SEOmoz has a great discussion on why at times search engines don’t return relevant results; that is, why some results perceived by users as being not relevant to their information needs (queries) are ranked high by search engines.

Some bloggers at SEOmoz attribute this in part to precision and recall issues. We have covered these topics in different occasions; so, let revisit some points along those lines.

First, there is a relevance perception mismatch between end-users and search systems that not necessarily is due to precision and recall issues. We have discussed the nature of this relevance divide in the June 2007 issues of IRW – The Newsletter. This post has a little preview.

Second, many things force a tradeoff between precision and recall. We have discussed precision vs recall before.

One source of the aforementioned tradeoff consists in expanding answer sets with an incorrect lookup list or thesaurus. We have discussed this also in the post Subsumption vs Synonyms. In that post we referred readers to the research work of William Woods, published a decade ago (1997): Conceptual Semantics: A better way to organize knowledge. I prefer to quote Woods’s work to clarify things and to show why one must pay attention to the nature and quality of the thesaurus used for expanding answer sets (emphasis added):

The reaction of many people who are familiar with information retrieval techniques, when confronted with the problems described above, is to propose the use of a synonym thesaurus to expand a request by adding terms that are synonyms of the terms requested. Such a thesaurus is sometimes used by full-text search and retrieval systems, most of which employ search algorithms that ignore word order and simply count the number of terms of the (perhaps expanded) query that occur in the target text. Some such systems allow for different weighting of different terms rather than simply counting them (in order to capture the fact that some terms of a request may be more important than others). Unfortunately, attempts to automatically expand queries using a synonym thesaurus often fail to improve the retrieval effectiveness of these systems and frequently actually degrade performance. Part of the reason is that there are very few true synonyms in English (or any other language for that matter), and members of the “synonym” sets in such thesauri often differ significantly in meaning. Typically there is a difference in generality, as in the set: {automobile, car, truck, bus, taxi, motor vehicle}, where the last is clearly much more general than any of the others, and in this case effectively summarizes the others.

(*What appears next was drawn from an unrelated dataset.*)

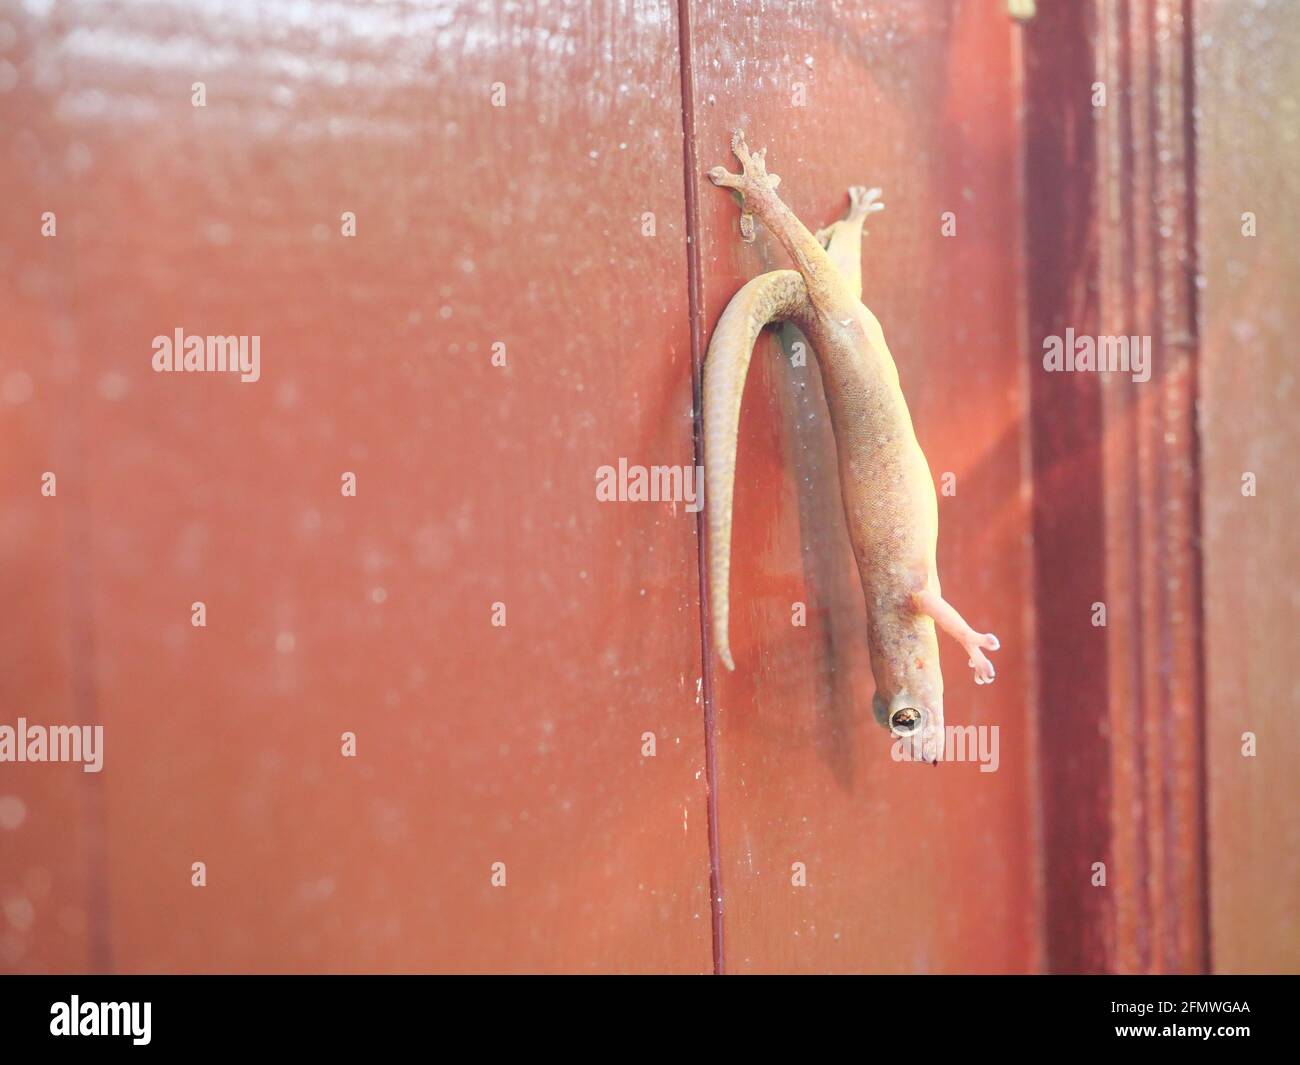 Gewöhnlicher Hausgecko ( H. platyurus ) starb, während seine Hinterfüße an der roten Wand anhängten und an der Tür Eidechsenkarkasse aufhängten Stockfoto

Thus, which criteria are used to classify terms as synonyms or related terms do matter. Which type of thesarus is used to expand an answer set and classify terms as synonyms does matter as well. For instance, a similarity thesarus is not the same as a hierarchical or statistical thesaurus –a similarity thesaurus is not based on co-occurrence data at all.

Regarding improperly classifying terms as synonyms, Wood adds:

Choosing to treat terms as if they were synonyms, when they really aren’t fully synonymous, introduces a level of granularity in the retrieval process that trades off precision against recall. Treating such terms as synonymous amounts to generalizing the query to
the level of abstraction at which the differences among the individual “synonyms” does not matter. Unfortunately, there is no a priori level of generality that is correct for all information needs. For example, if you were to ask for “motor vehicle” then you would probably expect to pick up hits for “car,” “truck,” and “bus,” but if you asked for “automobile” then you would presumably not want to get “truck” and “bus.” If requests are automatically expanded by the addition of terms drawn from a fixed synonym thesaurus, then for any large number of queries, it is often the case that the queries whose recall results are improved by the query expansion are offset by other queries in which the expansion produces unwanted noise that dilutes the precision of the result. In a system where the results are ordered and at most a specified maximum number of items are retrieved, this can result in a decrease in recall as well as precision, because additional “noise” items can displace correct items.

How could we improve this? Woods continue:

One can improve this situation by matching requests to targets using a relationship of generality rather than synonymy. In this case, a term in a request will match any corresponding term in a target that is at least as specific as the requested term. Thus, a request for “motor
vehicle” would retrieve all kinds of motor vehicles, while a request for “automobile” would retrieve cars and taxis but not trucks and buses. We can express this notion of generality as a relationship of conceptual subsumption, where a more general term is said to “subsume” a more specific term. Formally, a term also subsumes itself and subsumes any true synonyms that it may have. Thus, subsumption is more general than synonymy (i.e., subsumption subsumes synonymy). True synonymy is equivalent to mutual subsumption. If a retrieval system is designed to retrieve all items that are subsumed by a request, then the information seeker has a way of controlling the level of generality of the search by choosing the level of generality of the query terms, thus avoiding a major source of precision/recall trade-off.

In 2004 in the seminal paper On-Topic Analysis – Online Discovery of On-Topic Terms we described a procedure for the online discovery of on-topic terms with a scope-based subsumption relationship, according to a data structure of the form

broader terms > narrower terms > specific terms

The gist of that article was that this notion of generality is not just of the semantics type, but can also be of the hierarchical and statistical type. Although not the only way, such data structures can be discovered through co-occurrence data, even from noisy universes like web collections contaminated with artificially induced co-retrieval.